- Pitcher
- Born: December 25, 1943 (age 82) Indianapolis, Indiana
- Batted: RightThrew: Right

MLB debut
- July 9, 1965, for the New York Mets

Last MLB appearance
- July 29, 1965, for the New York Mets

MLB statistics
- Win–loss record: 0–0
- Earned run average: 0.56
- Innings: 16
- Stats at Baseball Reference

Teams
- New York Mets (1965);

= Dennis Musgraves =

American baseball player (born 1943)

Dennis Eugene Musgraves (born December 25, 1943) is an American former professional baseball player, a right-handed pitcher who appeared in five Major League Baseball games as a member of the New York Mets.

Musgraves' father, Wilson, pitched in the Boston Braves farm system in 1946 and 1947. Musgraves attended Hazelwood High School in Missouri and the University of Missouri where he pitched for the Missouri Tigers baseball team. By the end of his sophomore year at Missouri, he had thrown a no-hitter against Kansas State and helped lead the Tigers to the finals of the 1964 College World Series. He signed with the Mets in June 1964 and received a signing bonus of $100,000, the largest bonus the Mets had ever paid up to that point.

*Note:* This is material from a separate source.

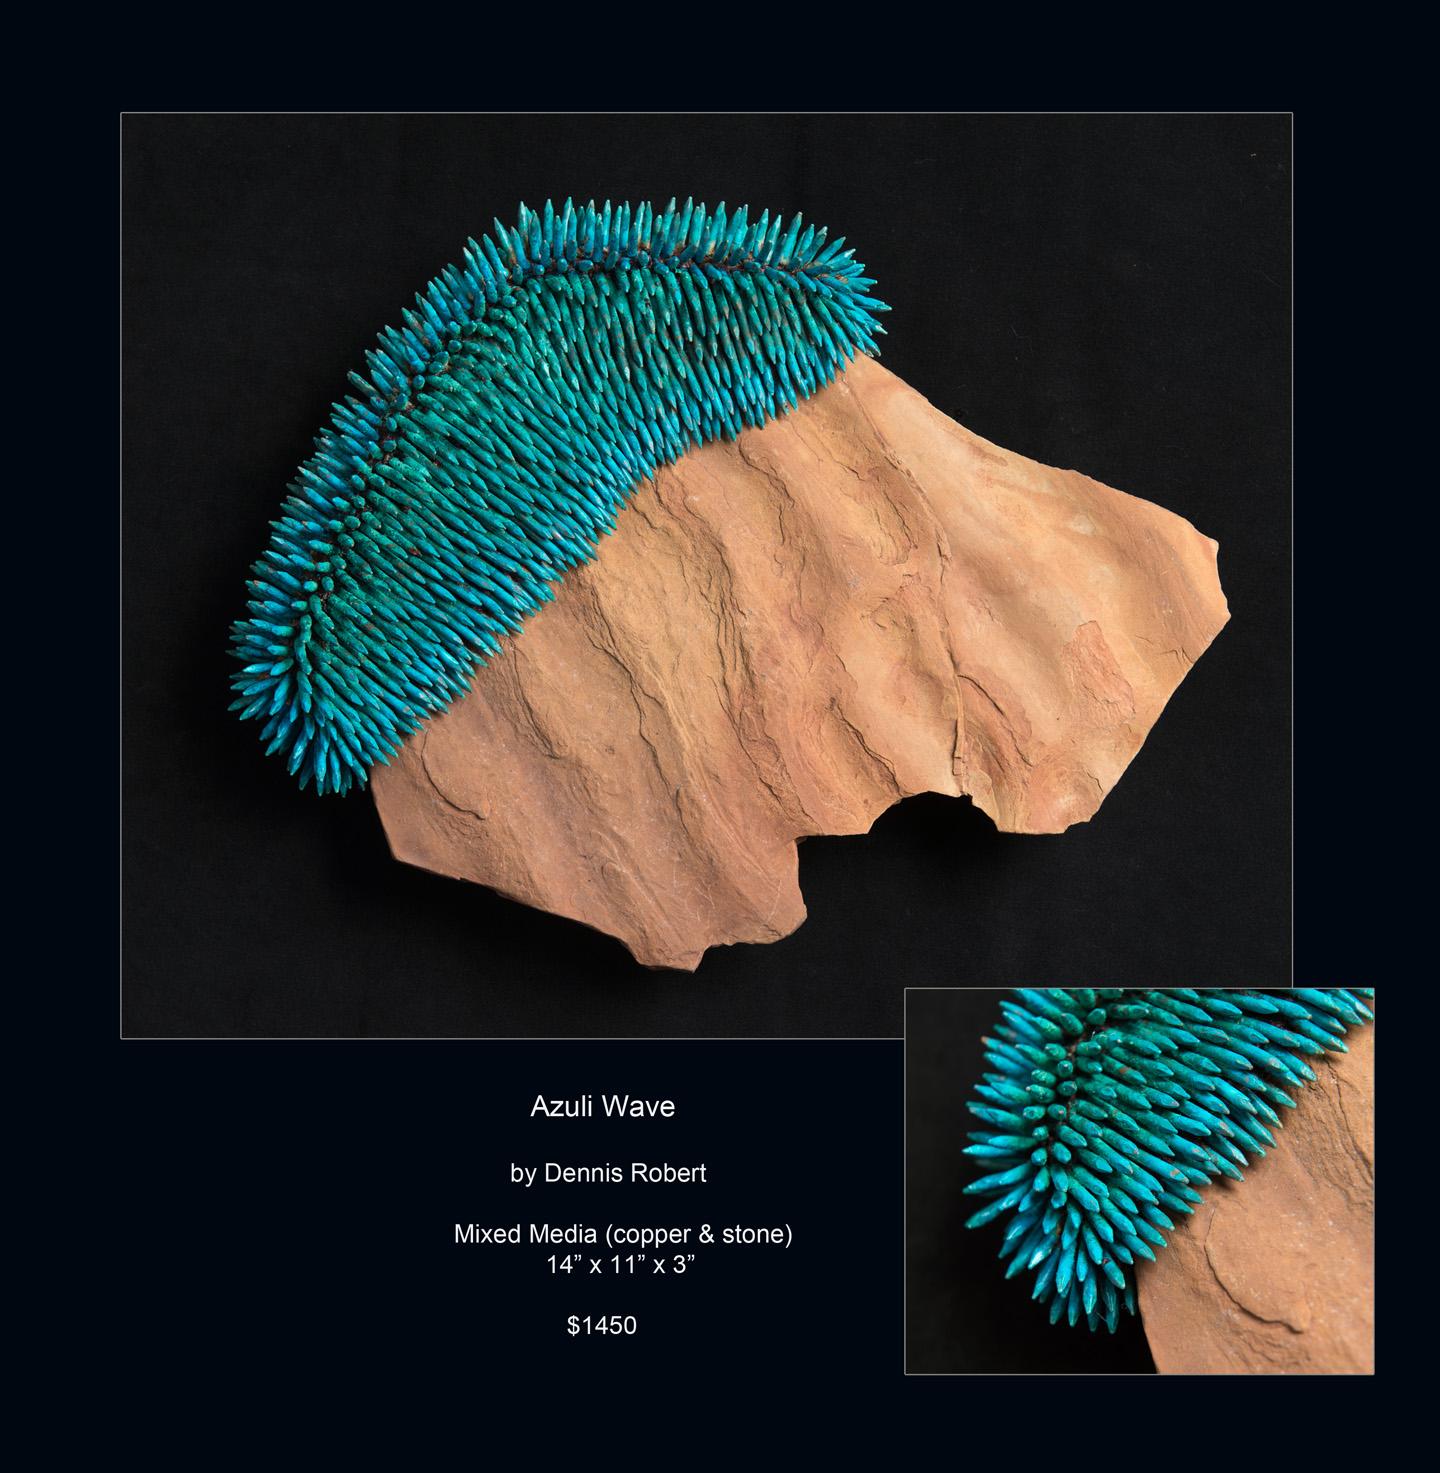 Dennis Robert-Azuli Wave.jpg

He stood 6 ft 4 in tall and weighed 188 lb. All of Musgraves' Major League appearances occurred during July 1965. As a reliever, he yielded only four total hits in nine innings in stints against the Houston Astros, St. Louis Cardinals, Milwaukee Braves and Philadelphia Phillies. In his fifth game, a start against the Chicago Cubs on July 29, 1965, at Wrigley Field, Musgraves went seven full innings and gave up his first (and only) earned run in Major League Baseball on a bunt single by Doug Clemens in the fifth inning, but then blanked the Cubs the rest of the way. In the top of the eighth inning, he was replaced by pinch hitter Joe Christopher. Chicago won the game 2–1 in extra innings.

The rest of his career would be spent in minor league baseball, continuing in the Mets' system through 1970 and then retiring after a stint with the 1971 Omaha Royals. Musgraves' Major League totals included only 11 hits allowed in 16 innings pitched, with seven bases on balls and 11 strikeouts.